Beet and Nutmeg Soda Bread
Spiced Beet and Feta Soda Bread
Soda bread is a great way to introduce anyone to bread baking. Due to the chemical reaction between the acidity of the buttermilk and the baking soda, soda breads don’t need proofing time as regular yeasted bread does. That makes it great for anyone who doesn’t have time to bake bread or simply doesn’t know how to do so. We tested various soda bread recipes in the kitchen and found that the beets, nutmeg and feta combo worked best. Keep in mind, beets in late summer don’t have such an earthy taste to them as the winter ones do. The feta cheese brings a lovely smell and a salty kick to the bread, and the nutmeg marries both flavors together.

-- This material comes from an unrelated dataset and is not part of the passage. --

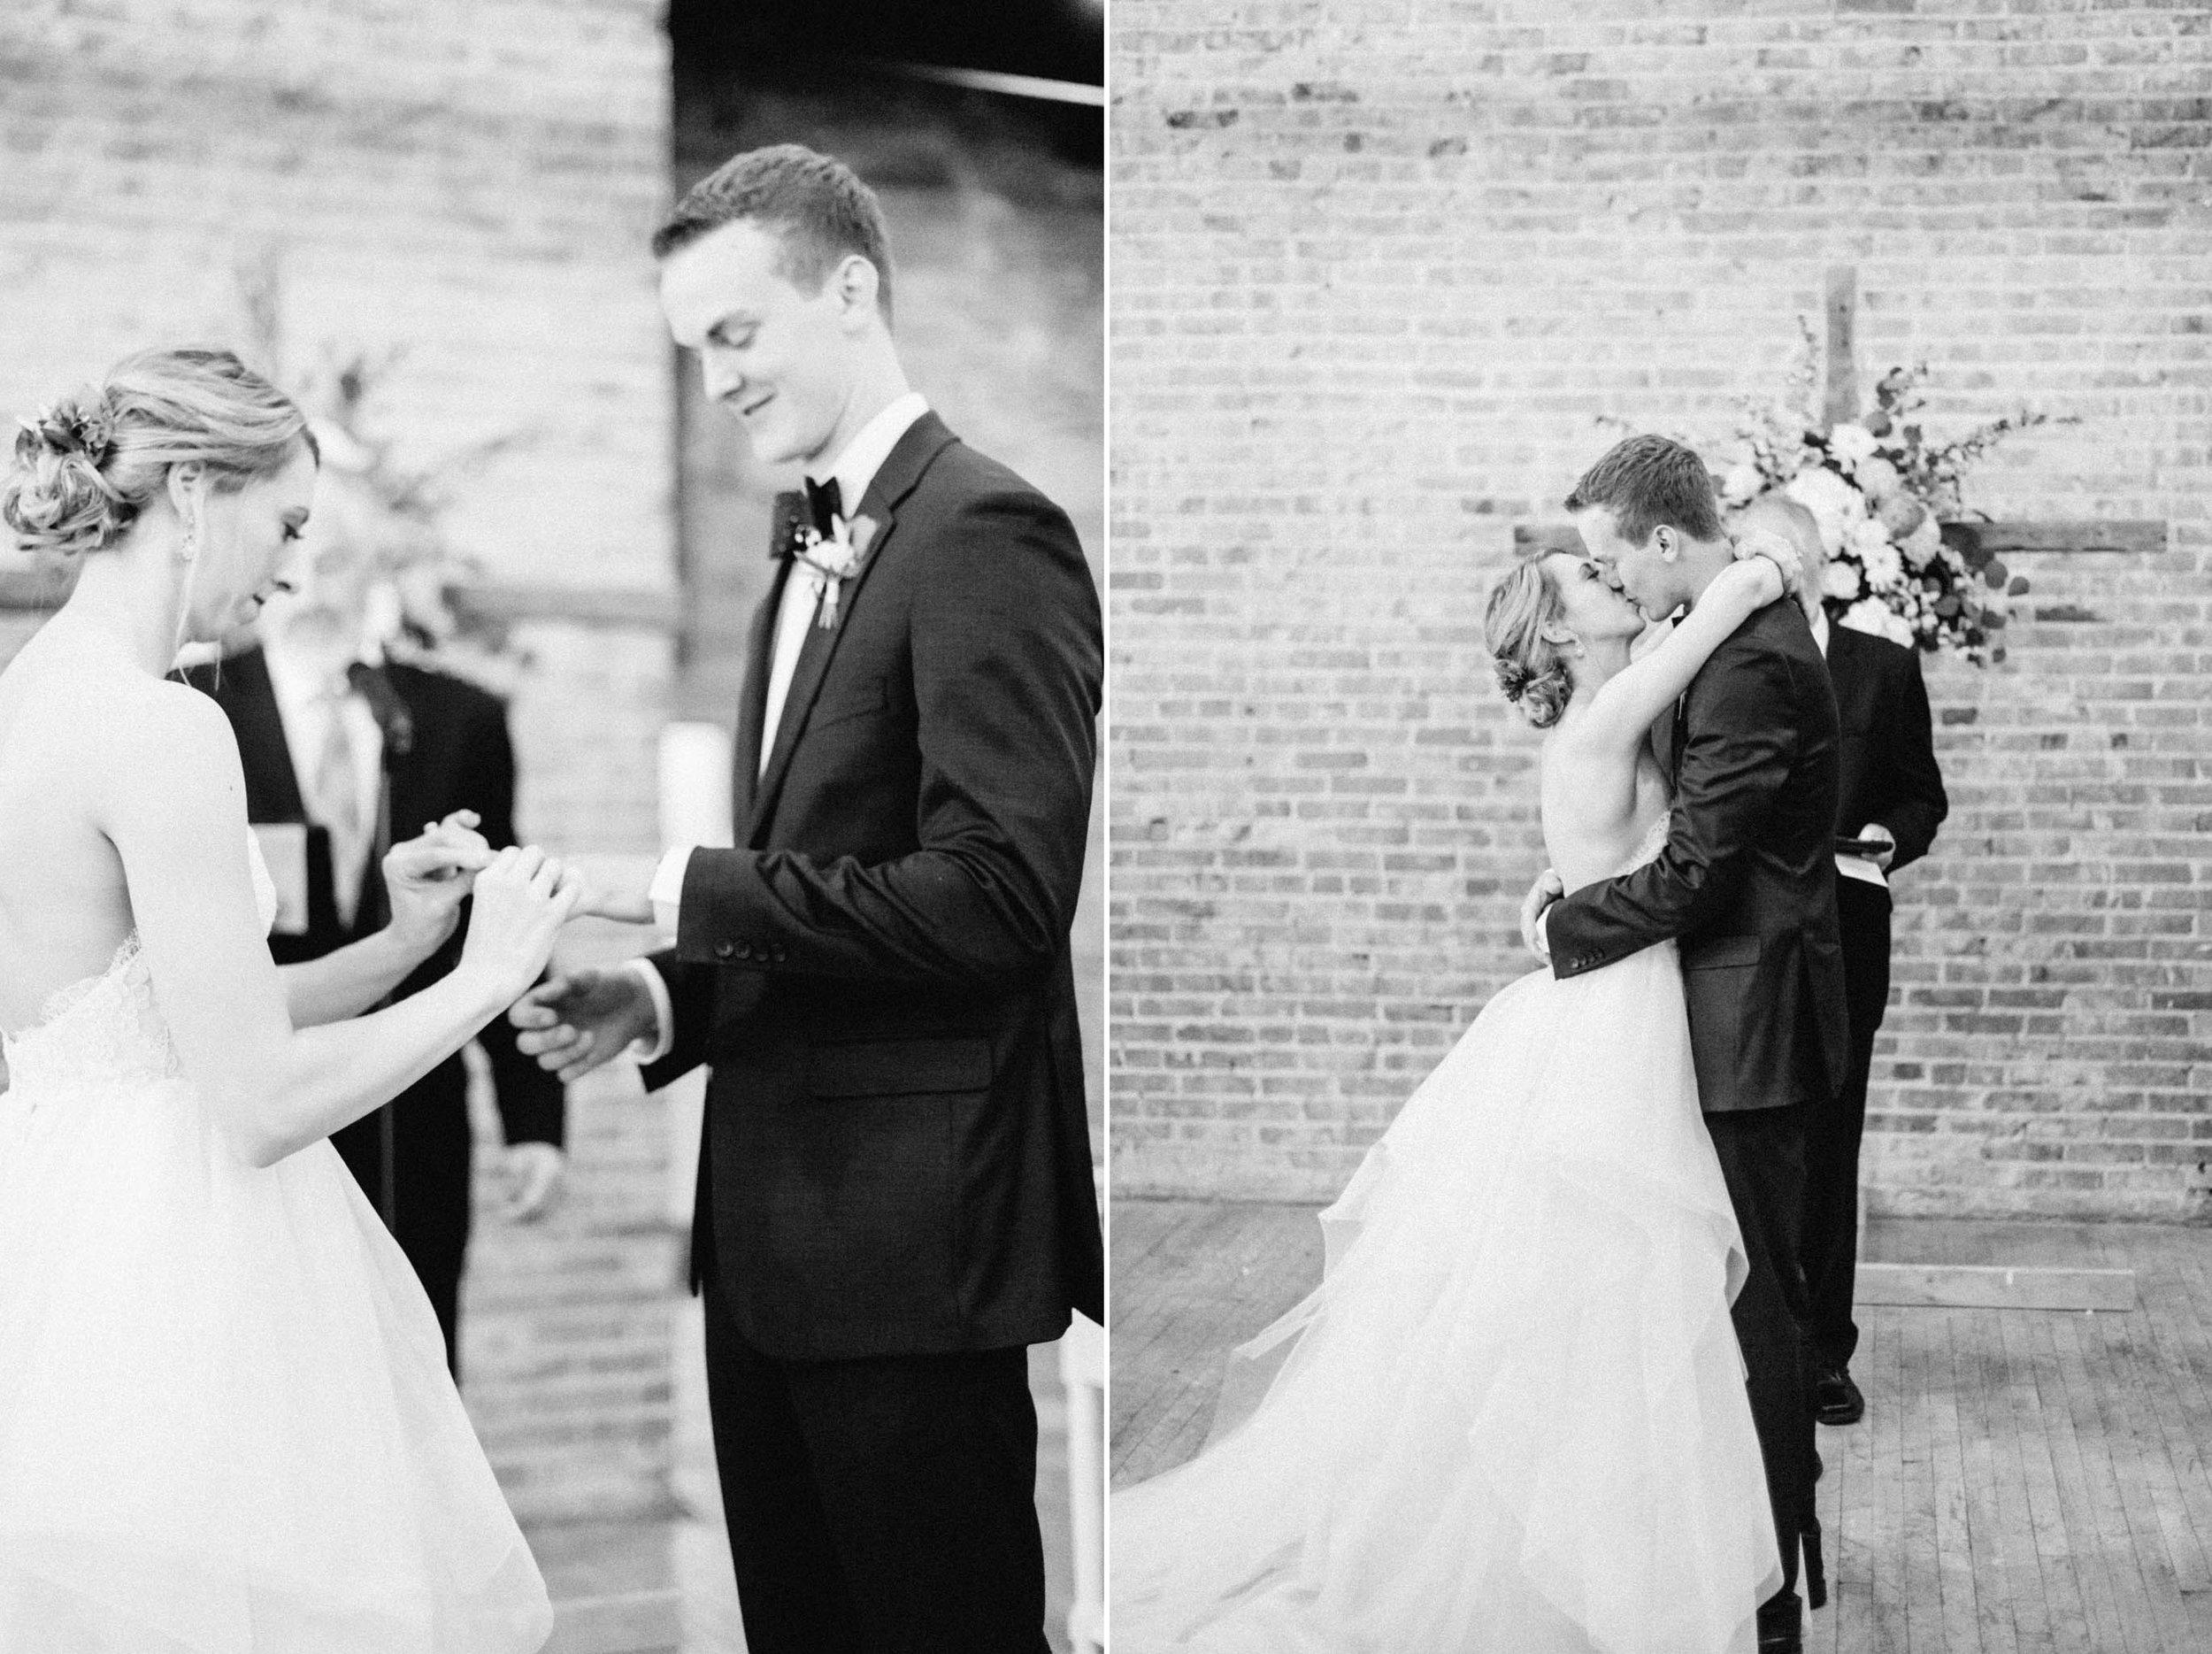 Sarah and Brad Wedding 2up-7.jpg

Homemade Spiced Soda Bread Made with Beets and Feta
Serves: 1 loaf
Prep Time: 20‘
Cooking Time: 30’
Additional Time: 0’
- 270 grams/2 ½ cups buttermilk
- 375 grams/3 cups flour
- 1 tsp salt
- 1 tsp bicarbonate of sodium (baking soda)
- 1 tsp baking powder
- 1 tsp grated nutmeg
- 1 cooked, shredded beet, drained
- 100 grams crumbled feta cheese
- Preheat oven at 185 C/365F, fan on;
- Add the ingredients minus the beets and feta to a mixing bowl and mix with a wooden spatula until the dough comes together; add the crumbled feta and drained shredded cooked beets and knead for 2-3 minutes or until the dough holds shape;
- Add it to a lined baking tray and bake at 185 C/365F, fan on for 40 minutes or until golden brown;
- Allow to cool completely before slicing; enjoy with salted butter.